IRC channel logs


back to list of logs

<mwette>Anyone else get this? My own built 3.0.9 on ubuntu has no scm_c_take_typed_bytevector. But if I rebuild with --disable-lto it does have it. To check: nm $prefix/ | grep take_typed_bytevector
<old>Does LTO optimize symbol not used?
<old>not sure what kind of optimization the linker do with LTO
<mwette>it can do stuff like beta reduction between compilation units, IIRC
<old>but public symbol like scm_c_take_typed_bytevector (I assume it has default visibility) should not be optimized away right?
<mwette>I see now. it's internal. See SCM_INTERNAL explanation in scm.h
<mwette>I'm going to have to use C->scheme->C route.
<old>mwette: for me it is extern, so basically does nothing
<chsasank>hey folks, is it possible for me to call guile functions from another language like python?
<mwnaylor>I don't know about directly, but a C module can written as a bridge.
<mwnaylor>The C module calls the guile interface, wrapped in function that exposes the interface to be called from Python.
<chsasank>is this a good example of this?
<mwnaylor>Yes, that would be the first half.
<mwnaylor>Something like this would be the next half.
<mwnaylor>Hopefully your implementation will go as smoothly as the examples show.
<mwnaylor>What are in guile do you expect to call from python?
<mwnaylor>I am discussing this from the theoretical point of view, I haven't attempted what you are. You might get some good feedback on the channel #python.

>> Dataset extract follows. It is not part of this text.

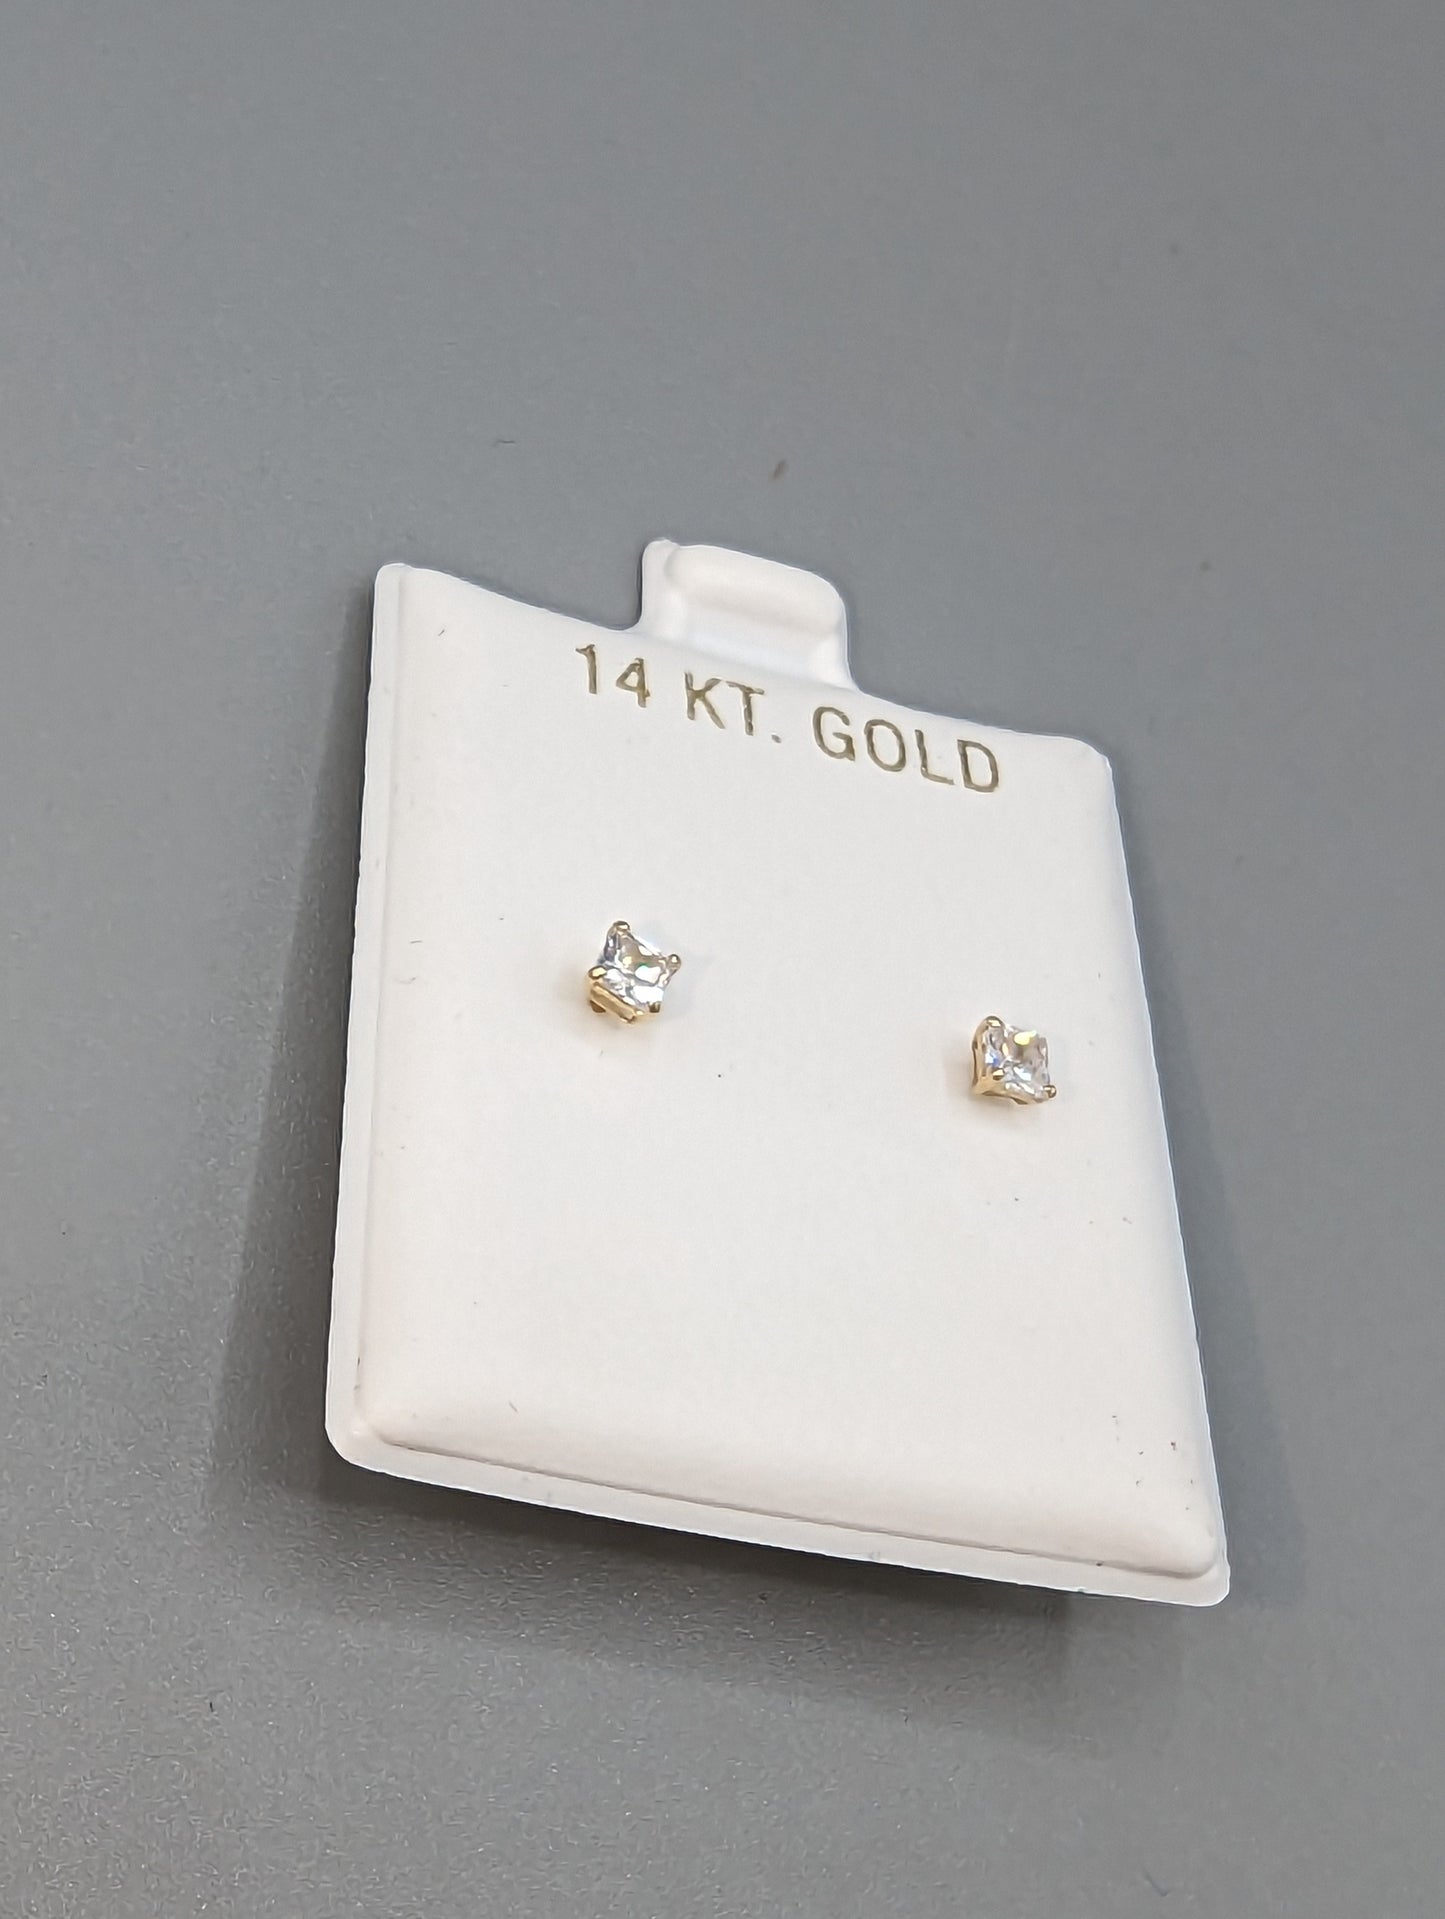 14k Earrings with cz stones - 1 PER ORDER!

<rlb>civodul: regarding the discussion about apis like getenv/setenv that require the ability to handle arbitrary binary, do we already have some efficient way to change the locale to latin-1 for just the current dynamic extent (i.e. per-thread, etc.), or would that be the next notable thing we'd need if that's at least the medium term plan?
<rlb>I looked around a bit, but didn't see one (may have missed it).
<rlb>I ask in part because I just had to write some trivial C wrappers for some functions (including those) to support a tool I'm toying with.
<rlb>(or I thought I did)
<civodul>rlb: hi! at the C level, there’s scm_{to,from}_latin1_string
<civodul>otherwise there’s the ‘%default-port-encoding’ fluid, but changing it is a bit more expensive
<rlb>Hmm, so how do I get a unicode incompatible value back from (getenv "foo") thread-safely?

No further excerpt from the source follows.